While maintaining tight control over these areas, Mr. Xi has broadened his focus, bringing more areas of the economy under his control. Much of the economy has been hit hard under the “common prosperity” policy, with the technology sector receiving special attention.
Nick Marro, from the Economist Intelligence Unit (EIU), told the BBC: “Sometimes these events are orchestrated to send a signal, especially against specific industries or interest groups.”
“Ultimately, this does reflect an attempt to centralize control and power over one part of the economy, which has been the main feature of Xi Jinping’s governance style over the past decade,” he added.
“The Chinese government remains focused on making sure that big tech platform companies and players don’t develop their own Brand and influence, then they will be difficult to control and more likely to go against the ideas of the Chinese government.”
The key to shared prosperity is also the rule of law, which must apply to rich and poor alike.
Beijing insists the policy is aimed at narrowing the widening gap between rich and poor, which many see as a major problem that could undermine the Communist Party if left unaddressed.

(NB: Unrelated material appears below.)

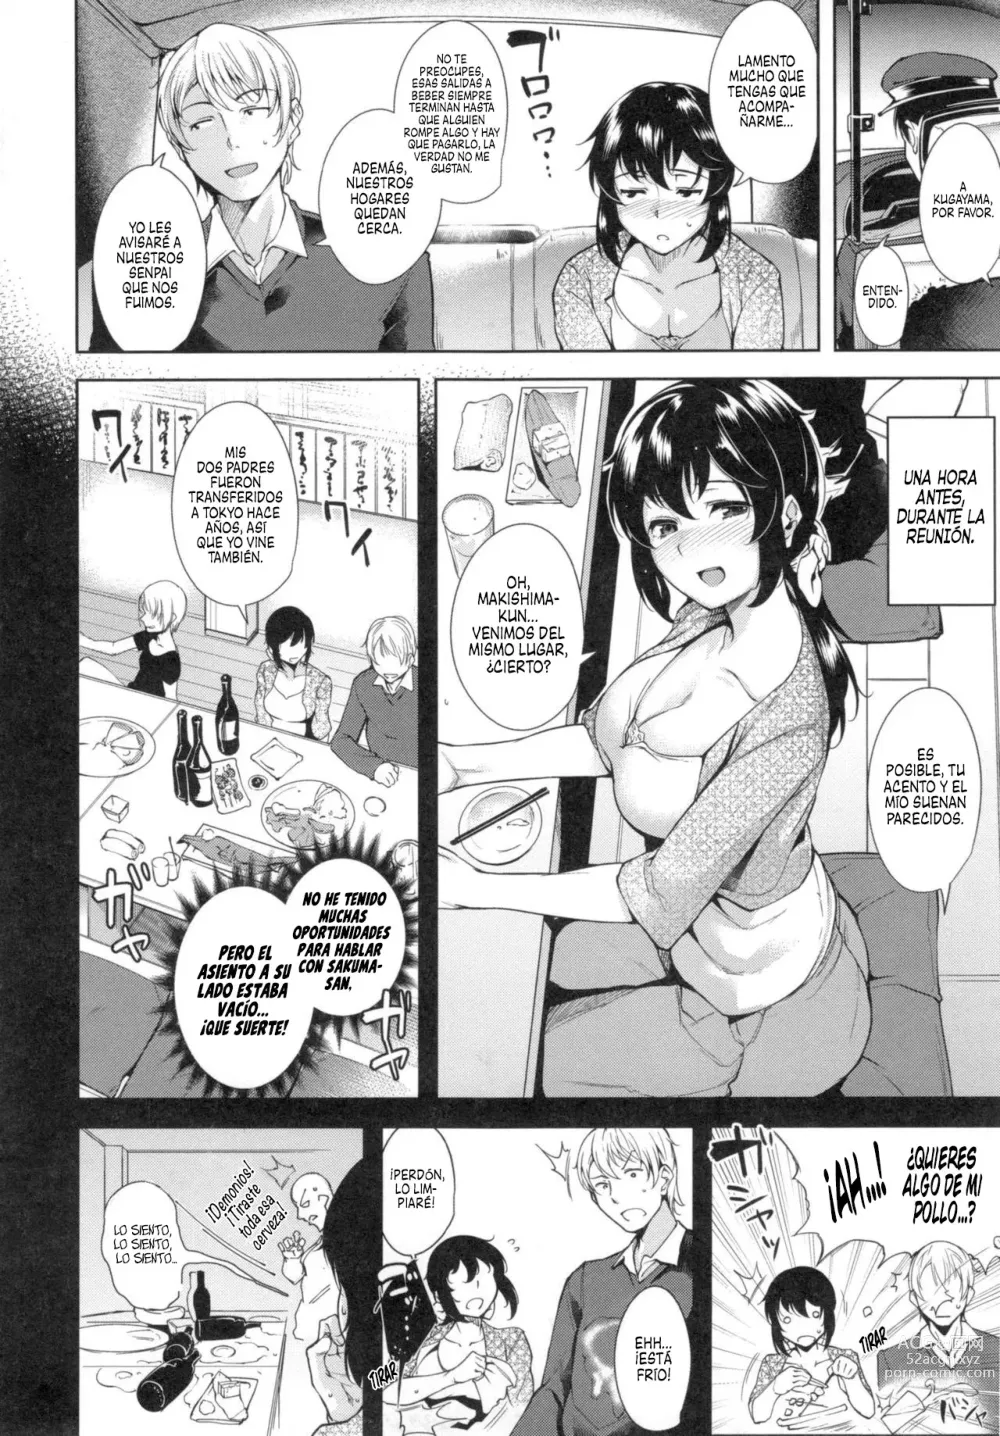 Page 2 of manga ¿Truco o Engaño?

Inequality is growing in China – Xi is said to be under pressure from the far left to move closer to the party’s socialist roots.
The mystery behind the billionaire’s disappearance, and the broader focus on Beijing’s handling of business, could have serious and unintended consequences.
“The potential danger of the Chinese government’s targeting of tech billionaires is to put more pressure on tech entrepreneurs who want to be the next Jack Ma,” Choi Oro said.
Mr. Xi appeared aware of the risk of rattling business sentiment, stressing the importance of private enterprise to China in a speech to legislators this week.
But he also called on private companies and entrepreneurs to be “rich with responsibility, rich with righteousness, rich with love”.
As well as announcing a new financial watchdog, Chinese bankers were warned last month not to emulate the “hedonism” of Western plutocrats.
Critics see this as further evidence of the importance Xi attaches to the financial system.
“In recent months, we’ve been seeing ‘communal prosperity’ slowly seeping into financial services, particularly in terms of executive pay and bonuses, and the pay gap between management and junior staff,” Mazhiang said.
Whether Xi’s crackdown on billionaires will help him tighten his grip on power remains to be seen.